07/12/2025
CSPOR-BCで行ったRESQ試験の追加解析結果を、シンガポールで開催された国際学会で、癌研有明病院 乳腺内科の青山先生にご発表いただきました。青山先生、素晴らしいご発表をありがとうございました。
研究の用語解説と概要は以下の通りです。
★PROとは?
PRO(Patient-Reported Outcomes)は、
患者さん自身が感じた症状や生活の困りごとを、患者さん自身が答える評価のことです。
例:
疲れやすさ
痛み
息切れ
日常生活のしやすさ
気持ちの落ち込み など
検査値や画像だけでは分からない、「患者さんの実感」をきちんと評価するために使われます。
★MIDとは?
MID(Minimal Important Difference)は、
患者さんにとって“意味がある”と感じられる最小の変化量のことです。
たとえばQOLの点数が少し良くなっても、
患者さんが「良くなった」と実感できない変化なら臨床的な意味は小さいかもしれません。
そこで、
「このくらい変わったら、患者さんにとって大事な変化です」
という目安を示すのがMIDです。
★何を使ってQOLを測ったのですか?
この研究では、世界で広く使われている質問票を用いました。
EORTC QLQ-C30:がん全般のQOLを測る
QLQ-BR23:乳がんに特化したQOLを測る
★★研究の内容★★
日本で行われた第3相RESQ試験では、HER2陰性の転移乳がんの患者さんがエリブリンまたはS-1を受けました。

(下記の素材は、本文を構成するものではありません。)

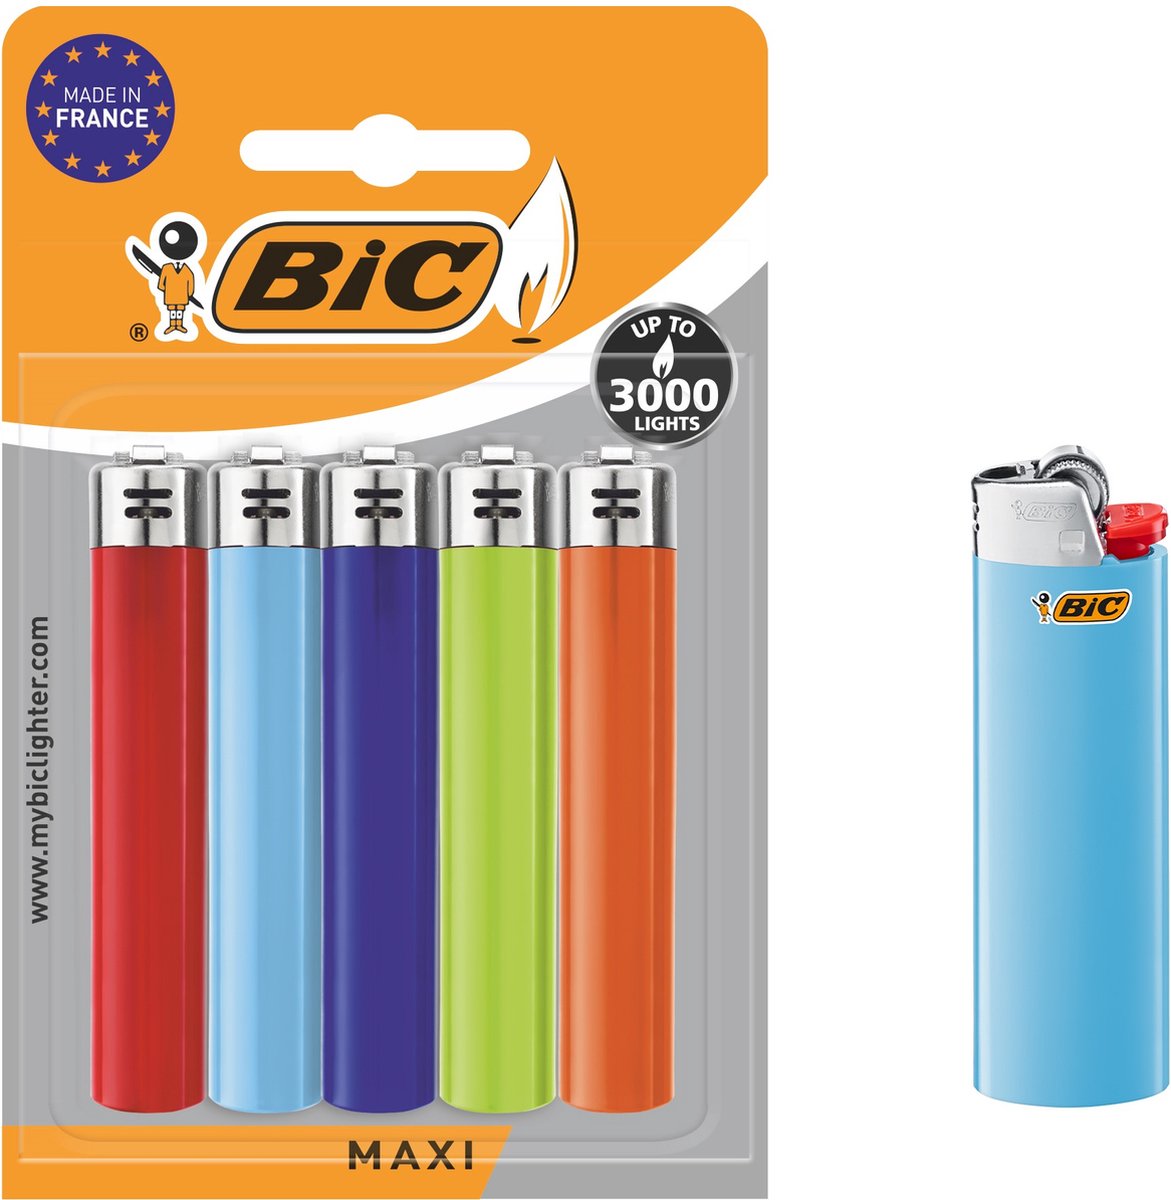 BIC J26 Maxi vuursteen flint aanstekers - diverse kleuren - Pak van 5  gasaanstekers -... | bol.com
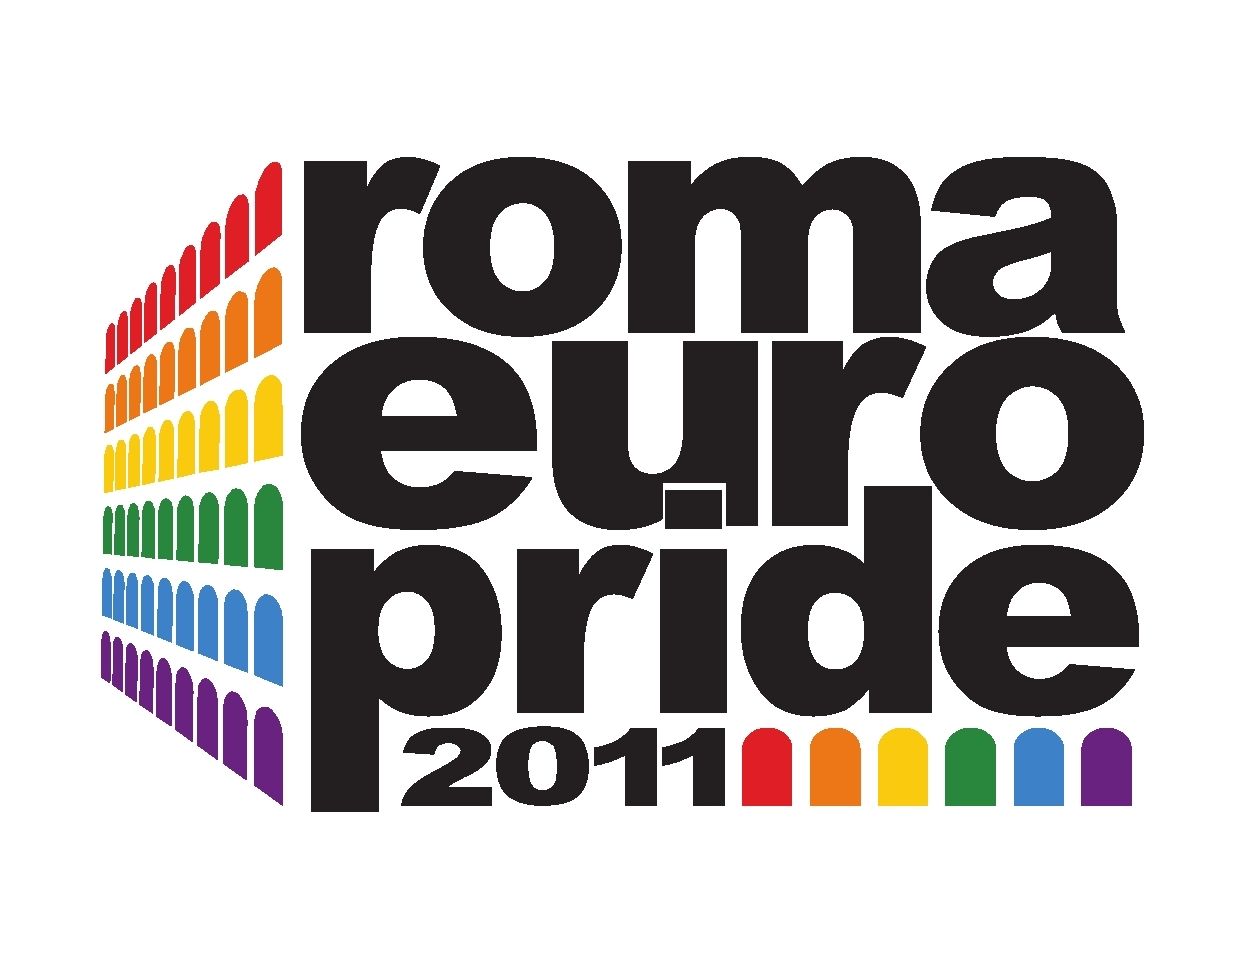 Ufficiale: Lady Gaga al Roma Euro Pride 2011!

その中で、患者さんのQOLがどのくらい改善・悪化したら意味のある変化と言えるかを分析しました。
★何が分かったのですか?
QLQ-C30では、
改善・悪化の「意味のある変化量」の目安が複数の項目で示されました。
さらに、
乳がん特異的質問票QLQ-BR23のMIDを初めて示すことができました。
★この研究がなぜ大事なのですか?
この研究の価値は、とても実用的です。
1) QOLの結果が分かりやすくなる
臨床試験で
「QOLが○点改善しました」
と言われても、それが患者さんにとって本当に意味がある改善かは判断が難しいことがあります。
MIDがあると、
”患者さんの実感に基づいた解釈” がしやすくなります。
2) 未来の臨床試験がより良くなる
MIDは、
QOLを評価する試験設計
目標とする変化量の設定
結果の解釈
に役立ち、患者中心の研究を前に進める基盤になります。
まとめると、
患者さんの声(PRO)を、臨床的に意味のある形で解釈するための“ものさし(MID)”を作った研究です。
これにより、今後の乳がん治療研究で、「患者さんにとっての本当の価値」をより正確に示せるようになります。